Последней фразой Самсонов даже слегка испугал Абрамкина, правда, ненадолго. Подполковник был не из пугливых.
— Ты прав, начальник, — мгновенно вошел в роль сочинский подполковник. — Театр начинается с вешалки, — обескуражил он цитатой Самсонова, — гадом буду.
Служба есть служба. Пока Италия, потрясенный ударом камерного «телевизора» и снотворными препаратами, спал, у подполковника Абрамкина отобрали хорошую домашнюю пижаму и одели в кальсоны и майку с больничными штемпелями, отобрали сигареты «Винстон» и выдали «Приму», забрали продукты домашнего приготовления, принесенные ему Аллой Вострецовой, владелицей ателье «Мечта», у которой на время командировки поселился Абрамкин, и он стал хлебать больничный суп. Вдобавок ко всему сменили патрульного милиционера и поставили в коридоре двух новеньких, которые были абсолютно уверены, что охраняют двух закоренелых преступников, одного хорошего, местного, которого они знали (Италию в городе знали все), а второго гада, залетного гастролера. Аллу Вострецову перехватил возле больницы Савоев, когда она вытаскивала сумки с провизией из своей «тойоты».
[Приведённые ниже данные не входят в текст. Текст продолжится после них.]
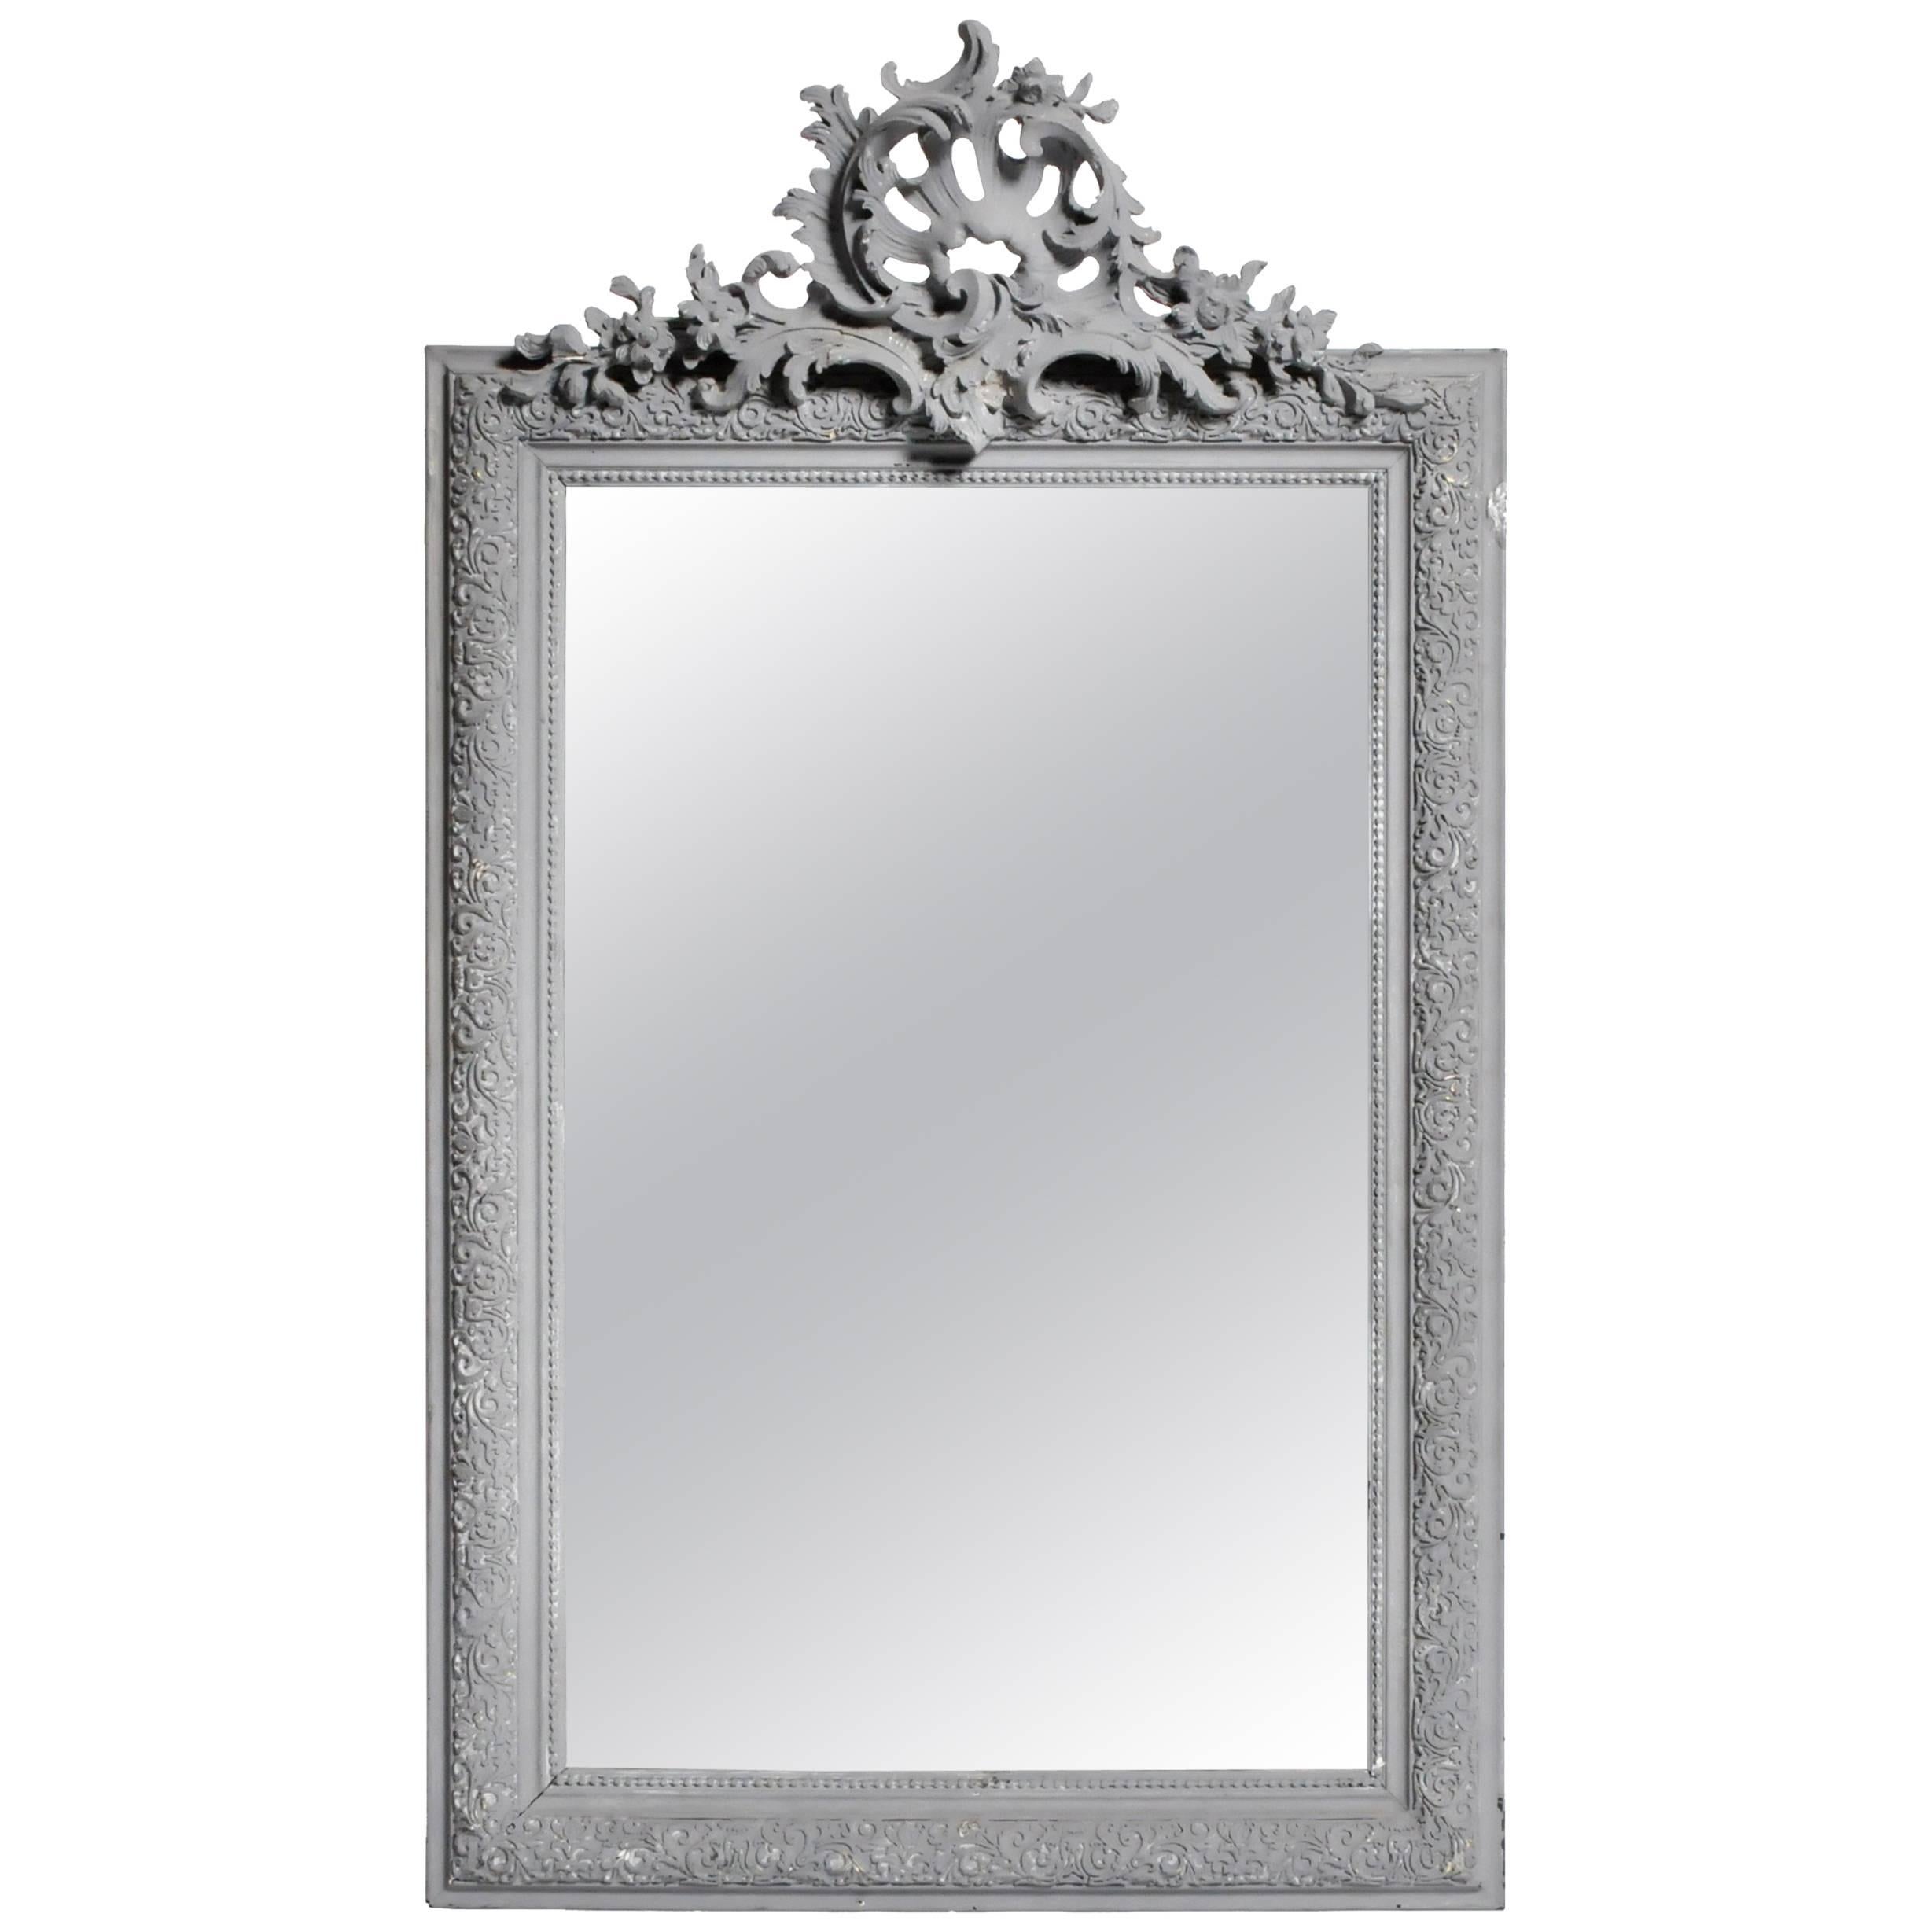 Napoleon III Style Mirror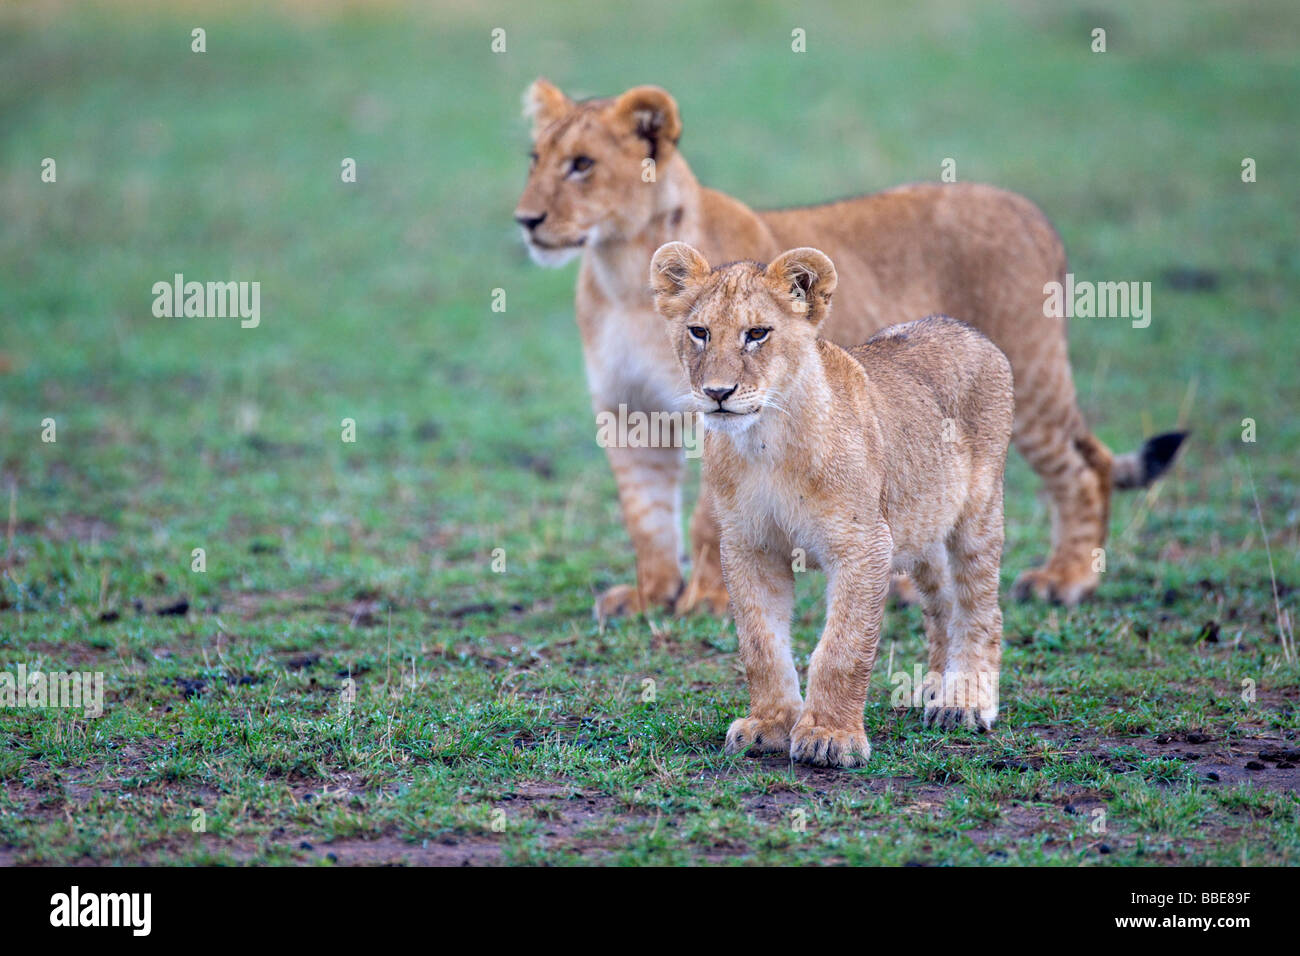 Lions (Panthera leo), cubs, Masai Mara National Reserve, Kenya, East Africa Stock Photo

— Алла Юрьевна, бросьте переводить продукты, вот посмотрите. — Савоев протянул ей брачное свидетельств, паспорт и фотографию семьи Абрамкина вместе с самим Абрамкиным в центре, которые он, неизвестно зачем таскающий с собой и брачное свидетельство, хранил в сейфе управления. — Он морально неустойчивый. Мы его после выписки привлечем к дисциплинарной ответственности за разврат.
— Какой разврат, с кем? — удивилась Алла Юрьевна, с умирающей в глазах надеждой глядя на фотографию, где Абрамкин, обнимая необъятных размеров супругу, стоял в окружении своих детей, четырех мальчиков и двух девочек. — С кем разврат, Савоев?
— Не с вами, конечно же, — успокоил ее Савоев, с интересом разглядывая аппетитную во многих местах фигуру Аллы Юрьевны, — честное слово.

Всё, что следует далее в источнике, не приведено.